Introducing custom pipelines and extensions for spaCy v2.0
Summary
spaCy v2.0, nearing its release candidate phase, introduces a significant new system designed to enhance its natural language processing capabilities. This update specifically enables the addition of custom pipeline components and the registration of extensions directly to its core "Doc", "Span", and "Token" objects. This improvement allows developers to extend spaCy's functionality by attaching custom attributes and methods, streamlining the integration of specialized processing steps and custom data handling within NLP workflows. The new extensibility system is a key feature, with an example extension package, "spacymoji", demonstrating its practical application for integrating custom functionalities such as emoji processing.
Key takeaway
For NLP engineers building custom applications or extending spaCy's core capabilities, spaCy v2.0's new extensibility system is crucial. You can now directly integrate custom pipeline components and attach attributes to "Doc", "Span", and "Token" objects, simplifying complex NLP workflows. This allows you to tailor spaCy more precisely to your project's unique data and processing needs, such as adding specialized text analysis or custom metadata. Consider upgrading to v2.0 to utilize these enhanced customization options.
Key insights
spaCy v2.0 enhances extensibility via new pipeline components and "Doc"/"Span"/"Token" object extensions.
Principles
- Extend core NLP objects for custom data.

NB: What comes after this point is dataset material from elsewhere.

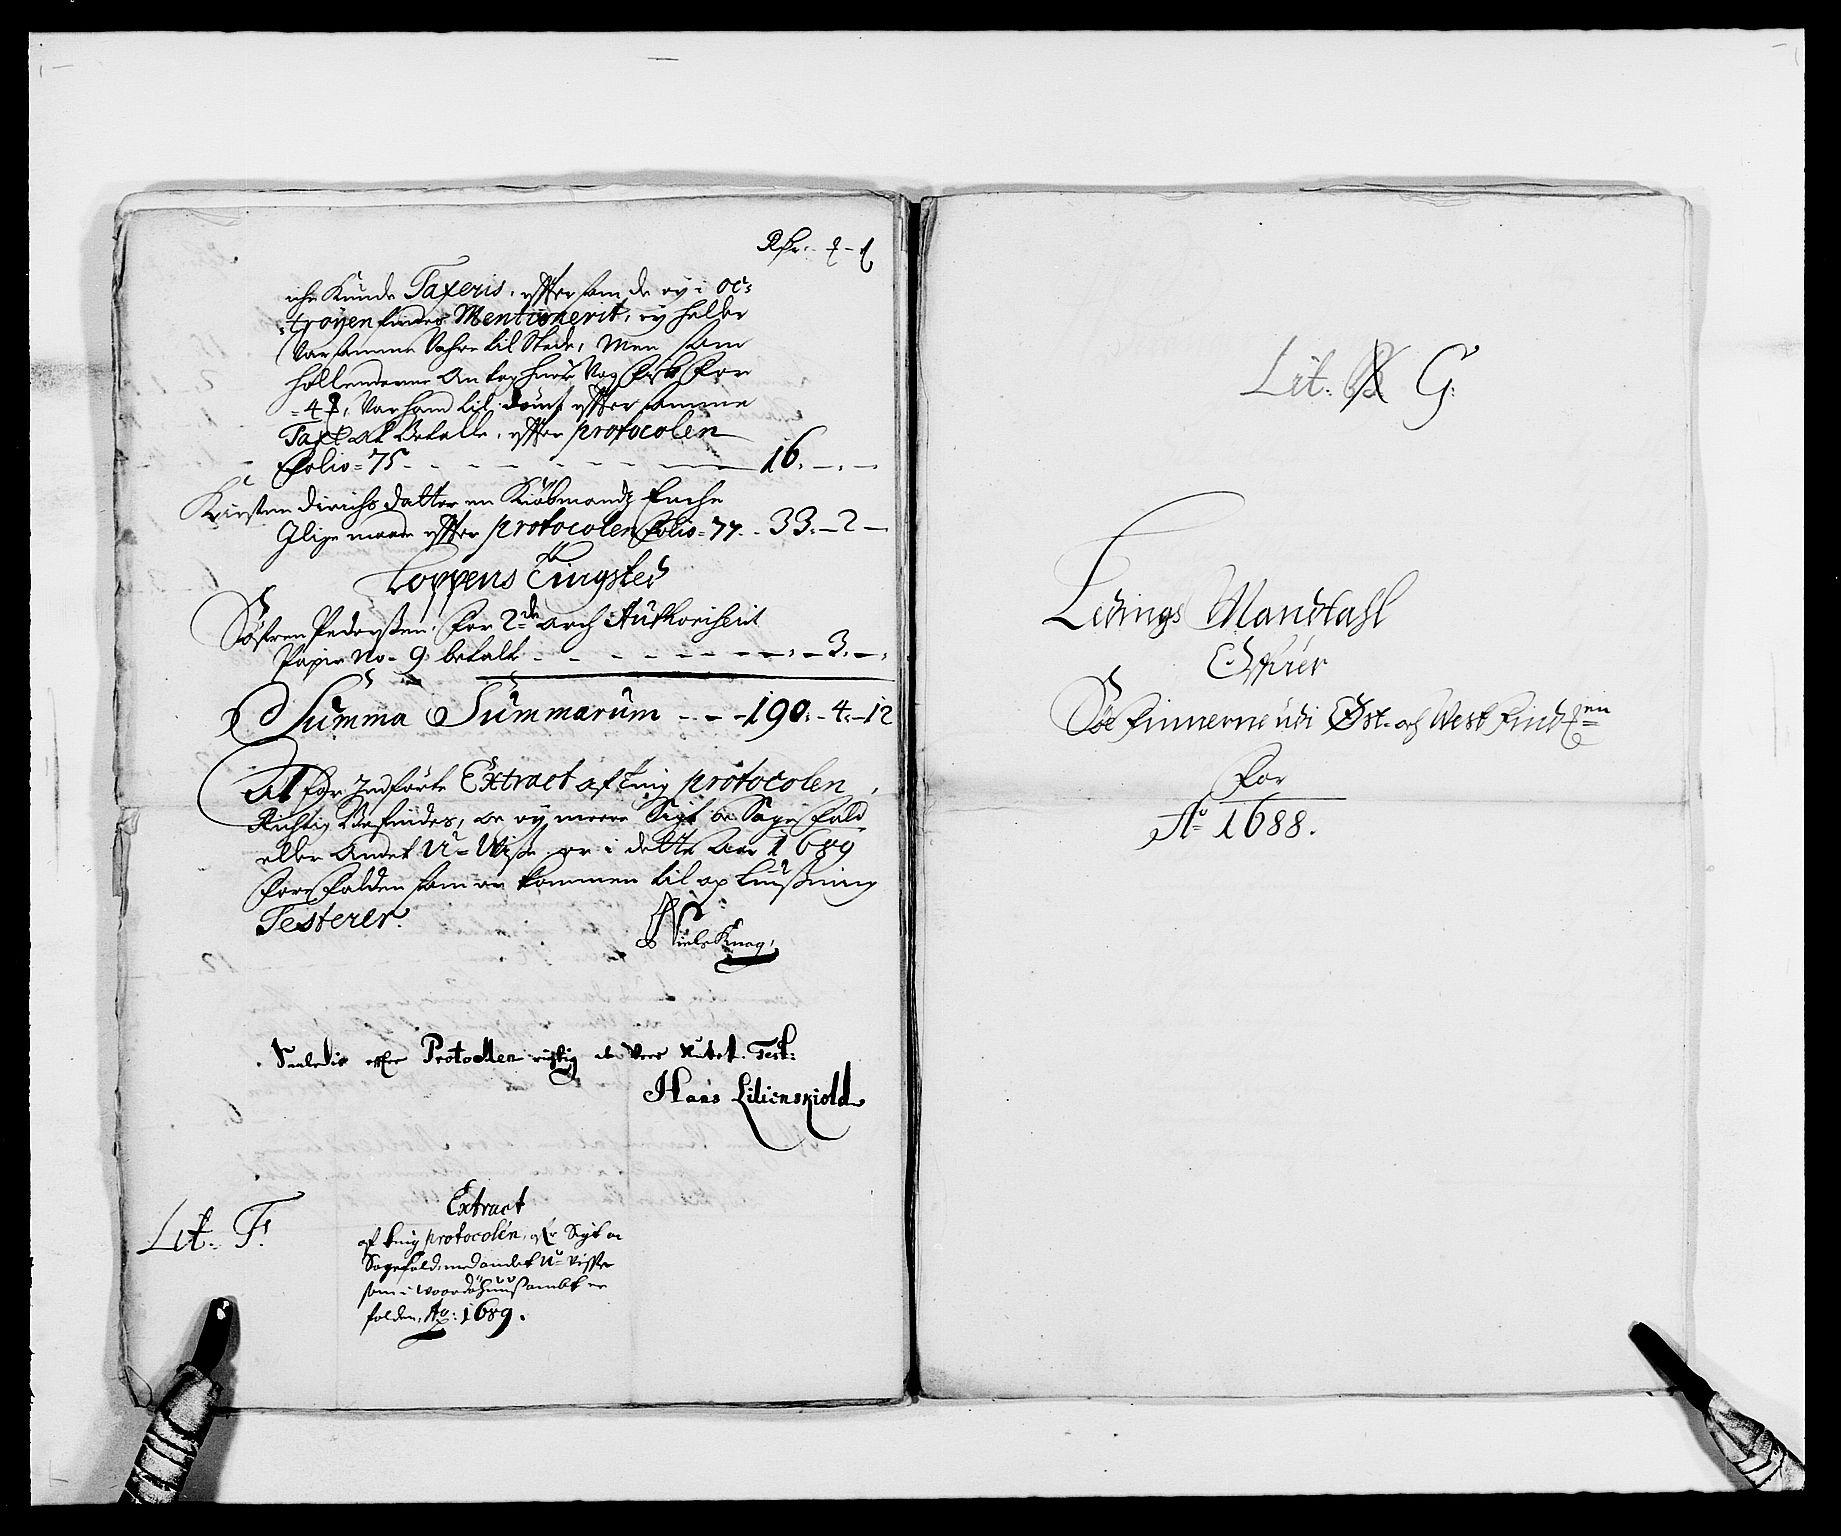 RA, Rentekammeret inntil 1814, Reviderte regnskaper, Fogderegnskap, R69/L4850: Fogderegnskap Finnmark/Vardøhus, 1680-1690, s. 181

- Integrate specialized processing steps.
- Streamline custom attribute attachment.
In practice
- Develop custom NLP pipeline stages.
- Add emoji processing with "spacymoji".
- Attach custom attributes to "Doc" objects.
Topics
- spaCy v2.0
- NLP Pipelines
- Custom Components
- Doc Object Extensions
- Span Object Extensions
- Token Object Extensions
- spacymoji
Best for: NLP Engineer, Machine Learning Engineer, AI Engineer
Related on AIssential
Editorial summary, takeaway, and curation by AIssential. Original article published by Explosion · Developer tools and consulting for AI, Machine Learning and NLP - Explosion.ai.